First Normal Form (1NF)
As normally written, 1NF imposes three main requirements on the database:
- Only atomic values: this means there should be one value in each column, per row
- No repeating groups: this means you shouldn't have multiple columns containing the same sort of thing (observer1, observer2, etc.)
- No repeated rows: in practice, we generally achieve this by specifying a primary key and will do so here
The upshot of this process generally results in more tables than we started with; for this reason, it's often best to leave the designation of the primary keys until the new tables are created, as the last step so the database can be in 1NF'. Each of the tables created as a result of this process must themselves be in 1NF.

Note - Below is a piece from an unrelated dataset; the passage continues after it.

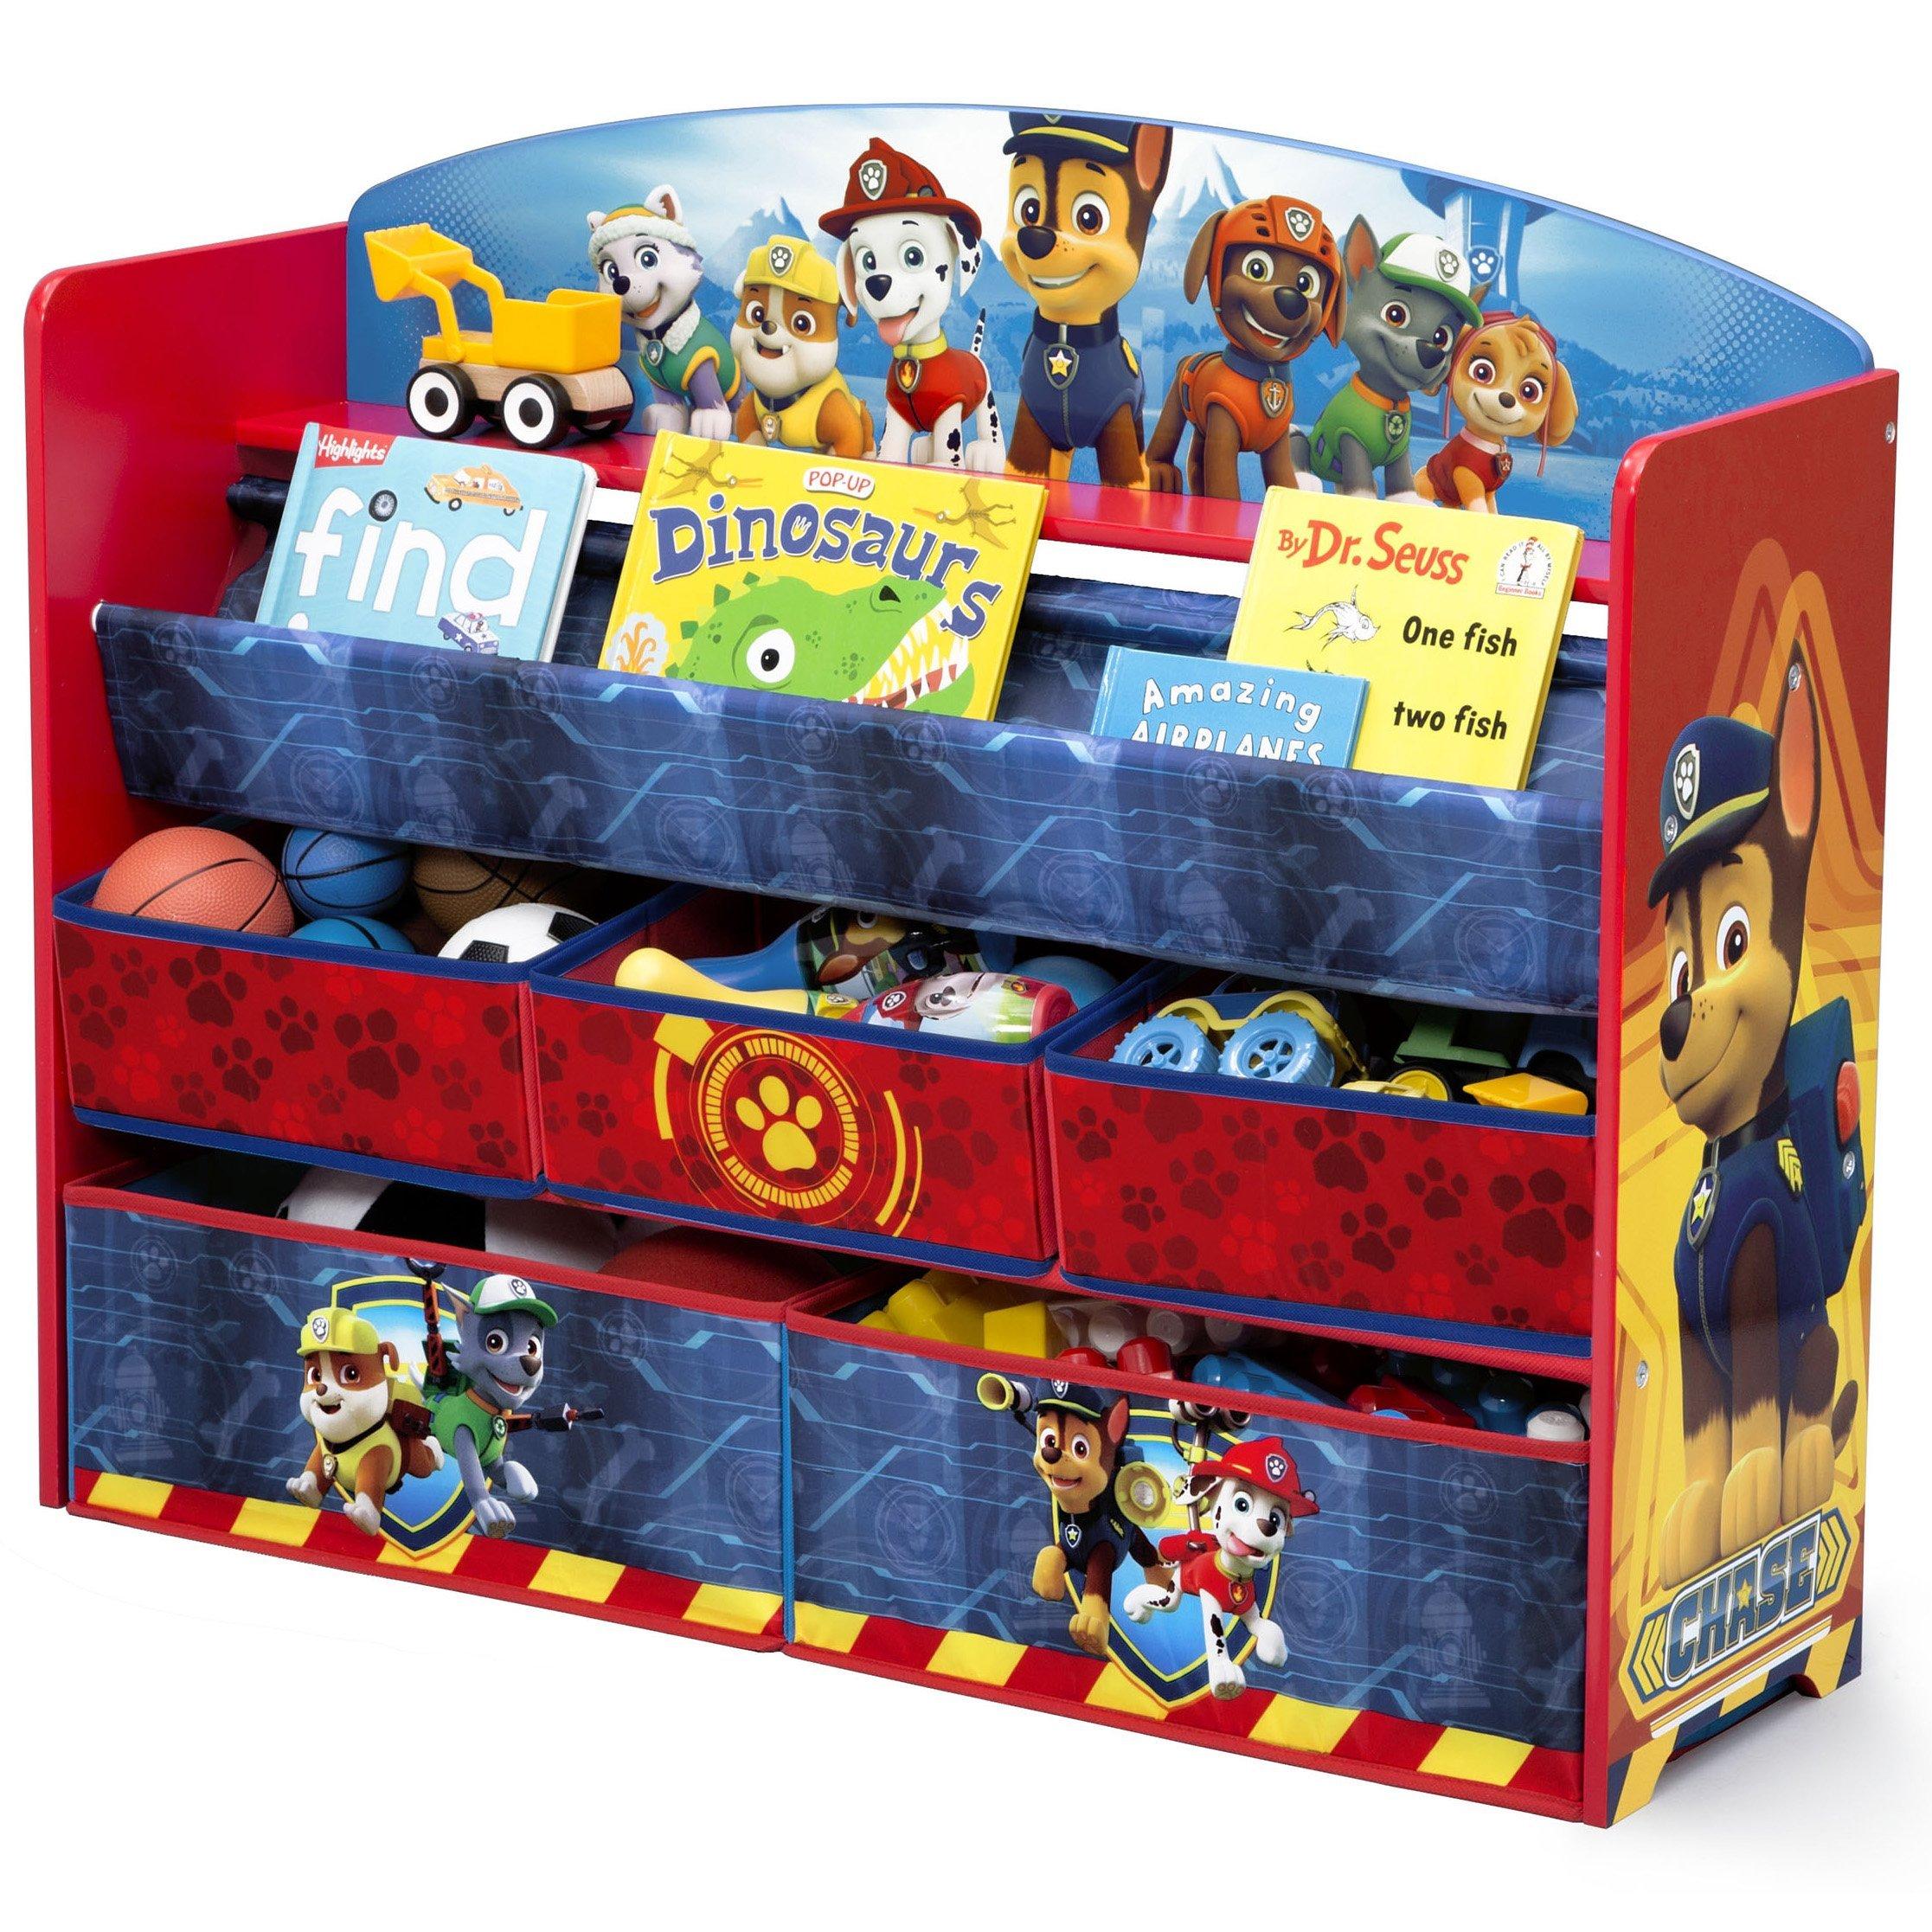 Delta Children Deluxe Book and Toy Organizer, Nick Jr. PAW Patrol by Delta Children (Image #4)

The first constraint of atomicity, is broken by the columns instrument_names and instrument_types. This can be resolved by creating an Instruments table where each individual instrument will instead occupy its own row (you can imagine that those non-atomic columns are actually like tables within the Measurements table). The second constraint, of no repeating groups, is failed by the three measurement columns, with one column for each of rain_, wind_ and temperature_ measurement. This is actually fairly arguable, as they each have different units, but we can put them as rows in their own table and it would allow for us to have one or two of those measurements only without resorting to NULLable columns; furthermore, if we get new measurement types, we shan't need to add columns to the table (adding rows is a natural process in relational databases; adding columns should be much rarer). In general, in a normalized database, NULLable columns in one table can be avoided by creating a new table in which a missing value would mean a missing row instead. So, remembering to specify primary keys (indicated by "PK"), we might end up with this:
Our database is now in 1NF, where we have introduced a instrument_id as PK for the Instruments table—this could be a surrogate key or perhaps a serial number, uniquely identifying a given instrument—and have a compound primary key in the measurements table, with the three columns required to uniquely specify a measurement. Note also that we recognised the need for measurement units for the measurements and added it to the instruments table on the assumption that the units of measurement are part of the instrument's' specification. When normalization creates the need for extra tables, we typically also pick up a foreign key connecting them, which has been shown on the diagram for explanatory purposes although in practice it wouldn't be created until the database was fully normalized.